Dynamo
Abstracted Boto3 Methods:
batch_write_item()
Usage
Batch write records to a DynamoDB table.
Initialise the client by providing the name of the DynamoDB Table and providing the partition_key
. The partition_key
argument allows the client to find the Partition Key from within the submitted records and to deduplication payloads. If
the Partition Key is not present in the record or if it needs to be overridden, it can be submitted separately (see
Advanced Usage below).
from boto3_batch_utils import DynamoBatchDispatcher
dy = DynamoBatchDispatcher('MyExampleDynamoTable', partition_key='id')
dy.submit_payload({'id': '', 'something': 'in', 'my': 'message'})
unprocessed_records = dy.flush_payloads()
Advanced Usage
Using the basic features of the DynamoDB client will suit most use cases. However, in some scenarios you may need additional control over how the data is transmitted to DynamoDB. The DynamoDB client allows configuration of the following behaviour:
Batch Size
For information about batch sizes click here.
The DynamoDB client has the following maximum batch limitations:
Limit Type | Limit |
---|---|
Number of Records | 25 |
Byte size of a single record | 400,000 bytes |
Byte size of a batch | 16,000,000 bytes |
Partition Key and Partition Key Location
By default, the Partition Key will be the value located in the corresponding key within the payload when
submit_payload
is called.
For instance, if the DynamoDB client is intialised with a partition_key
of “myId” then submit_payload
will look for
“myId” in the payload. This will then be used to ensure the payload is not a duplicate of a previously submitted
payload.
However, it may be necessary to submit payloads which do not already contain the Partition Key attribute. In this scenario you can instruct Boto3 Batch Utils to locate a different value within the payload and set the Partition Key on your behalf.
dy = DynamoBatchDispatcher('MyExampleDynamoTable', partition_key='myId')
dy.submit_payload({'id': 'abc123', 'something': 'in', 'my': 'message'}, partition_key_location='id')

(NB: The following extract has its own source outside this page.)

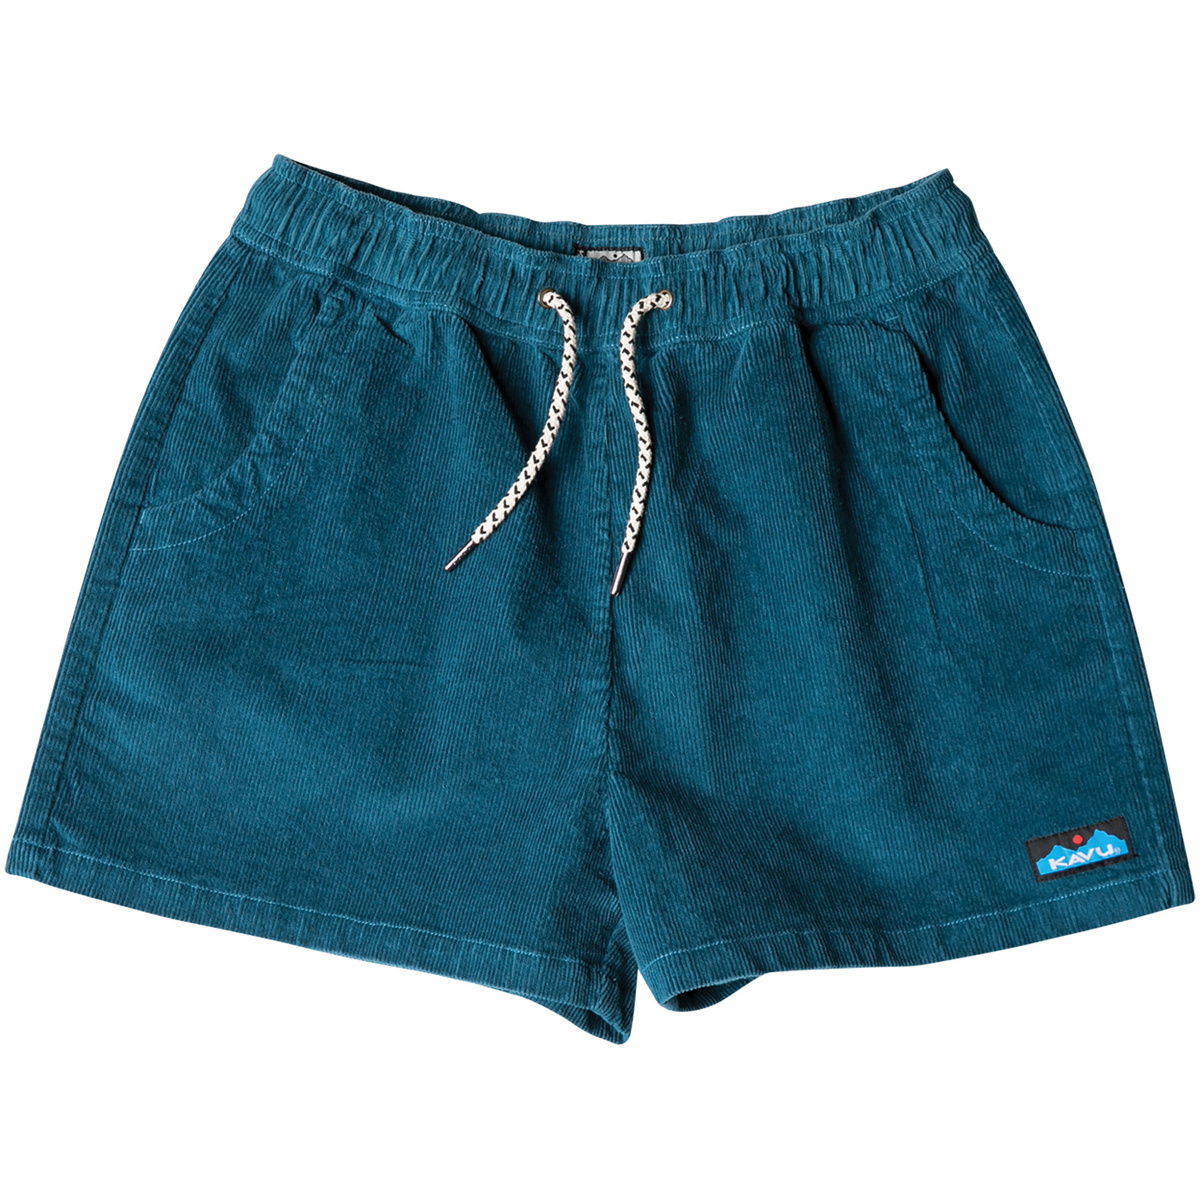 Image of Kavu Donna Pantaloncini All Decked Out
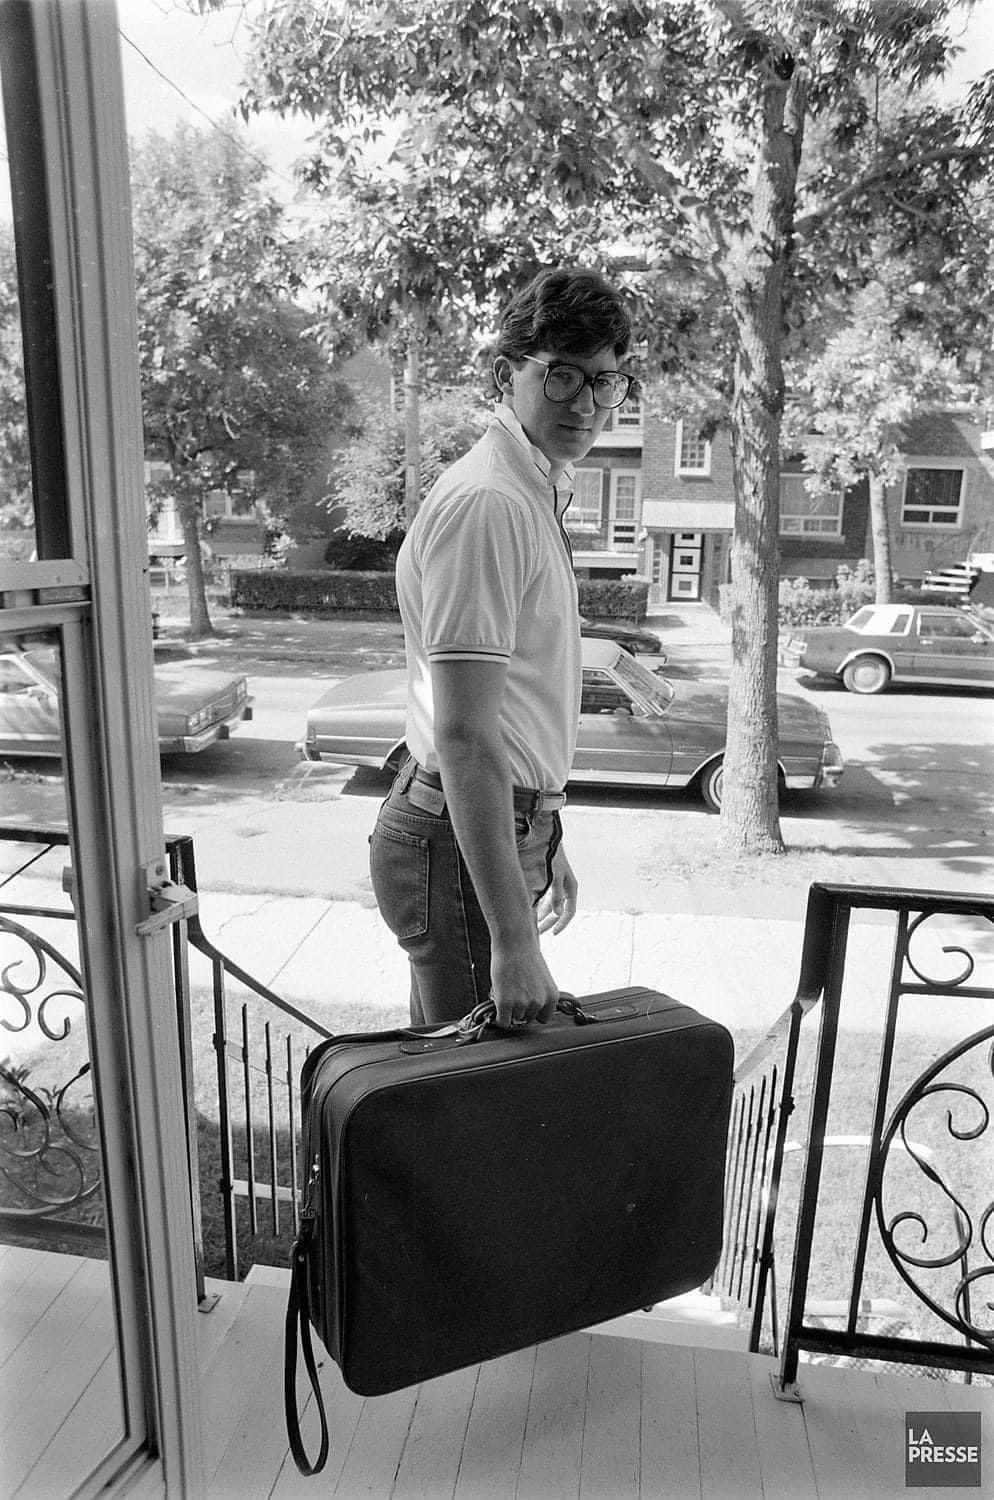 19-year old Mario Lemieux leaving his home to report to the Pittsburgh Penguins hockey team in 1984.

In the above example the actual record submitted to DynamoDB would look as follows:
{'myId': 'abc123', 'id': 'abc123', 'something': 'in', 'my': 'message'}
Partition Key Data Type
By default, using partition_key_location
to identify the desired Partition Key will convert the value found to a
str
. If the DynamoDB table’s Partition Key is not a string you need to pass in the correct object type using
partition_key_data_type
when the client is intialised, e.g.:
dy = DynamoBatchDispatcher('MyExampleDynamoTable', partition_key='myId', partition_key_data_type=int)
Sort Key
During initialisation, indicate that the DynamoDB table uses a Sort Key. This is done by passing in the location within payloads that the Sort Key can be found. The Sort Key is used by the client to assist with record deduplication.
dy = DynamoBatchDispatcher('MyExampleDynamoTable', partition_key='myId', sort_key='createdDatetime')
Note: Unlike partition key, the sort key can not be overridden during the
submit_payload
. It must already exist in the payload.
Uniqueness
When a record is submitted to the DynamoDB client using submit_payload
it is checked for uniqueness. The record will
only be accepted if it is considered unique. Uniqueness criteria for this client are:
- If the DynamoDB table has a sort key: The combination of the Partition Key and Sort Key must not exist in the list of records pending dispatch.
- If the DynamoDB table does not have a Sort Key: The Partition Key must not exist in the list of records pending dispatch.